Journal of Plant Pathology & Microbiology

Evaluation of Bioactive Compounds of Some Common and Traditional Medicinal Plants in Relevance with the Growth of Paddy

Sridevi BR and Lokesh S^* Department of Studies in Biotechnology, University of Mysore, Karnataka, India
^*Correspondence: Lokesh S, Department of Studies in Biotechnology, University of Mysore, Karnataka, India, Tel: +919945657078, Email:

Received: 25-Jul-2020 Published: 31-Aug-2020, DOI: 10.35248/2157-7471.20.11.511

Introduction

Plants produce primary metabolites (Carbohydrates, Lipids and Amino acids) during their early stages of growth and utilize them for further growth and development. Upon reaching a particular phase of growth they start producing secondary metabolites (Alkaloids, Phenolics and Terpenoids) which are essentially of medicinal importance to animals as well as for themselves. The glycosides, alkaloids, saponins, phenolics and other phytochemicals that are present in plants possess healing properties in addition to having no adverse side effects on the human body. To some extent, plant compounds can as well replace chemical-based fertilizers and pesticides that are generally used in agriculture.

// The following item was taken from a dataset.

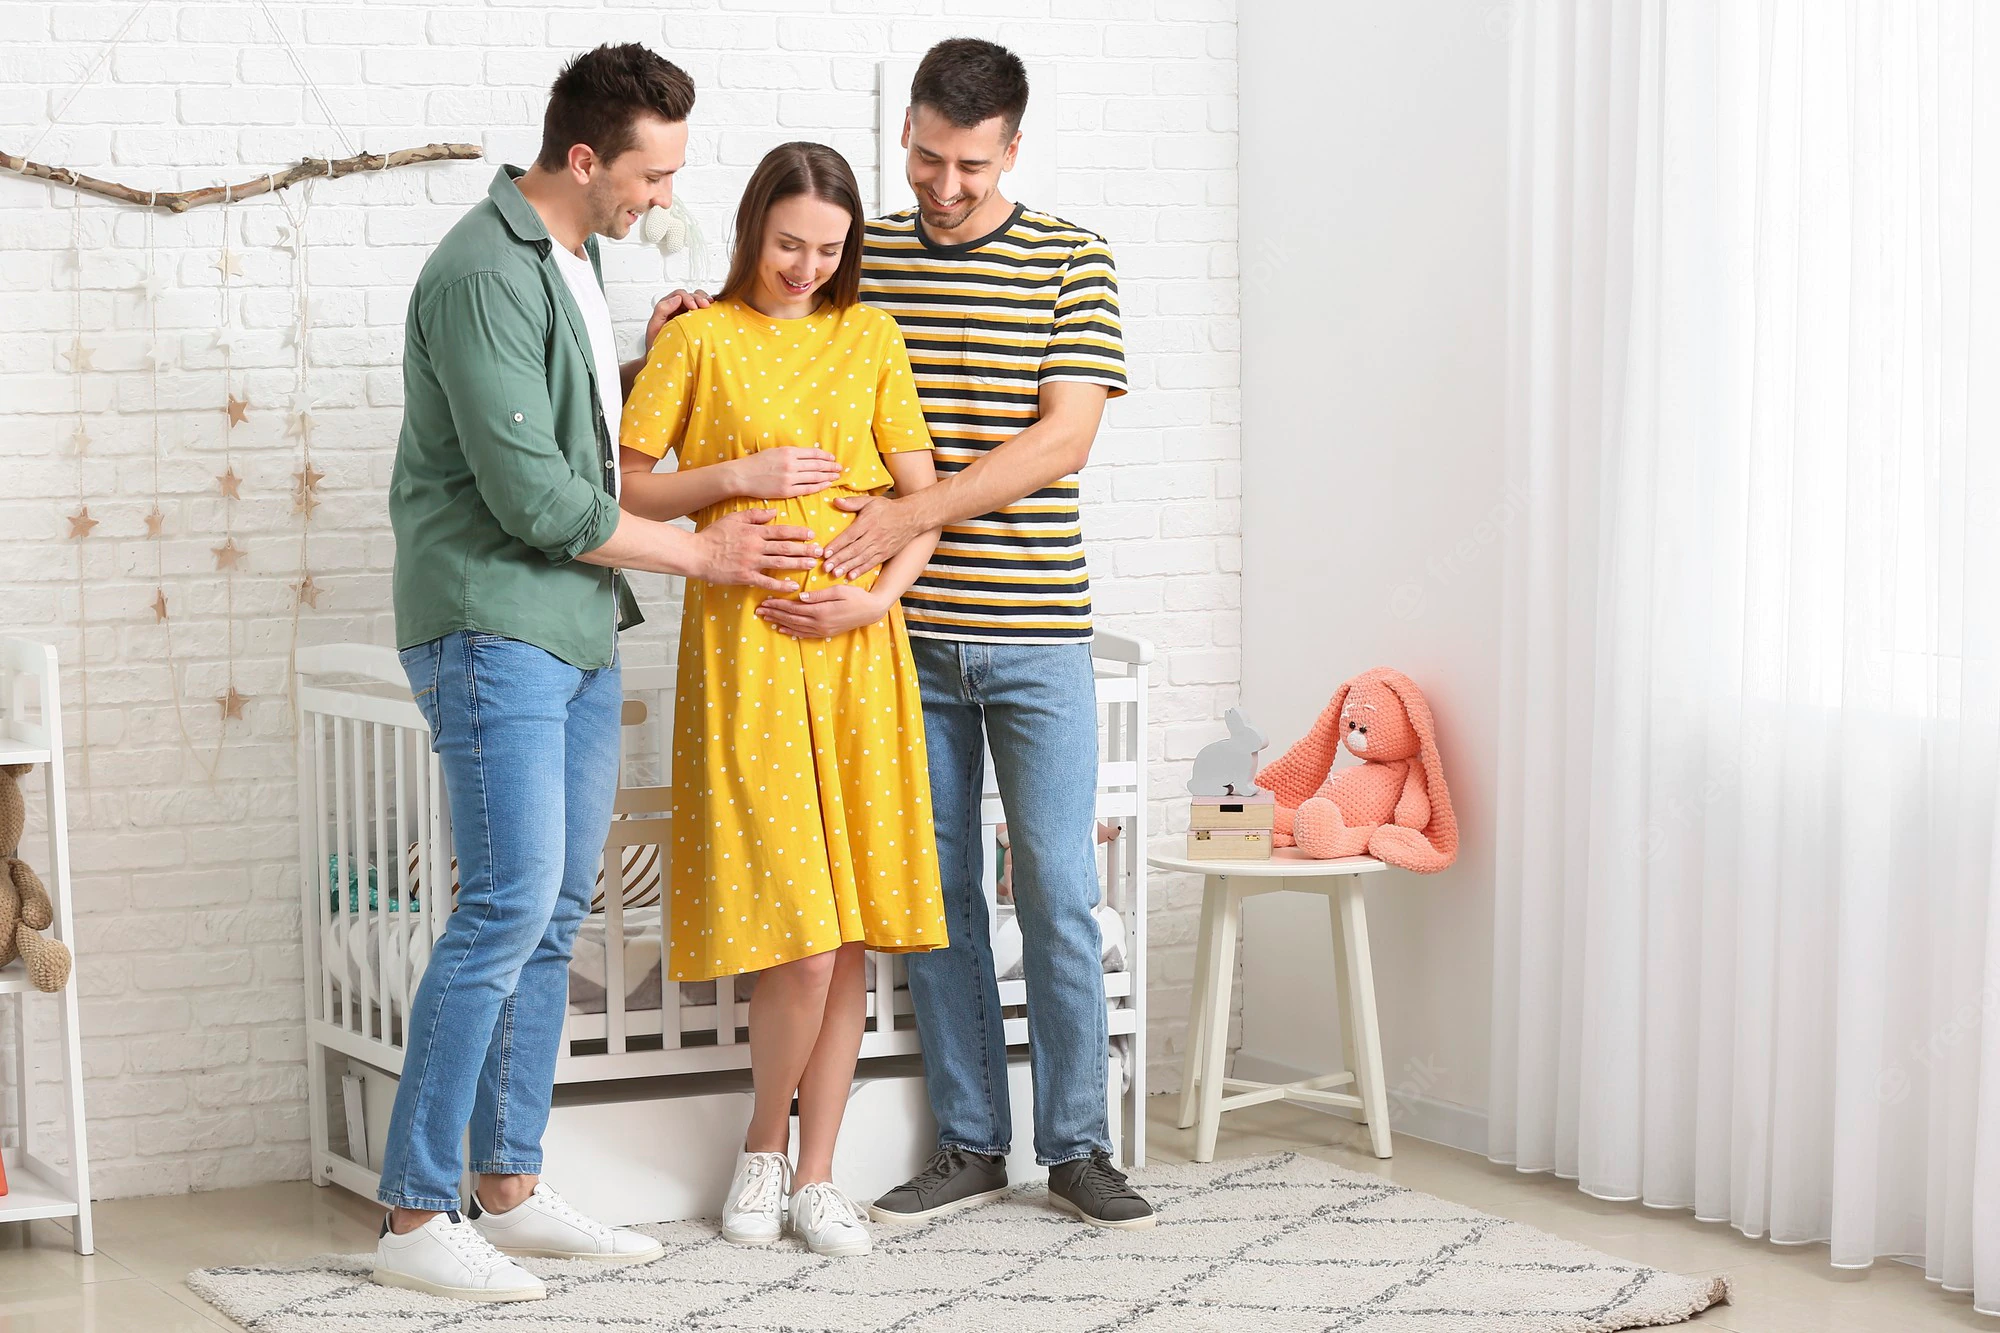 Surrogacy for gay couples

Some of such medicinal plants are very rare to be found and some others are very tedious to be cultivated. With increasing urbanization and an elevated trust towards western medicine, some of the important medicinal plants have also turned out to be endangered and at the verge of extinction. Ethno-botany is "The study of the plants which ethnic groups employ for curing human ailments" and evaluating those in use since hundreds of years as home remedies rather than as serious medication such as those from Ayurveda, Siddha and Unani. Most of these plants are common weeds and can be found even today in large numbers and in common places. Hence, in the present study, emphasis has been made to determine the phytochemical content of certain common weeds for their utilization to improve paddy crops, since their availability is more abundant.

Materials and Methods

Collection of plant materials

Leaves and tender branches of six well established medicinal plants Rauvolfia tetraphylla, Achyranthes aspera, Tinospora cordifolia, Bacopa monnieri, Eclipta prostrata and Clitoria ternatea and six common weeds used for minor ailments by common traditional people; Leucas aspera, Tridax procumbens, Justicia adhathoda, Alternanthera sessilis, Phyllanthus niruri and Acalypha indica were collected from a farm area located in Vadagere village of Yelandur Taluk, Chamarajanagara district of Karnataka in India. The aerial parts of the plants thus collected were washed thoroughly in tap water; air dried on blotting sheets for a week and then ground into powder using electric blender.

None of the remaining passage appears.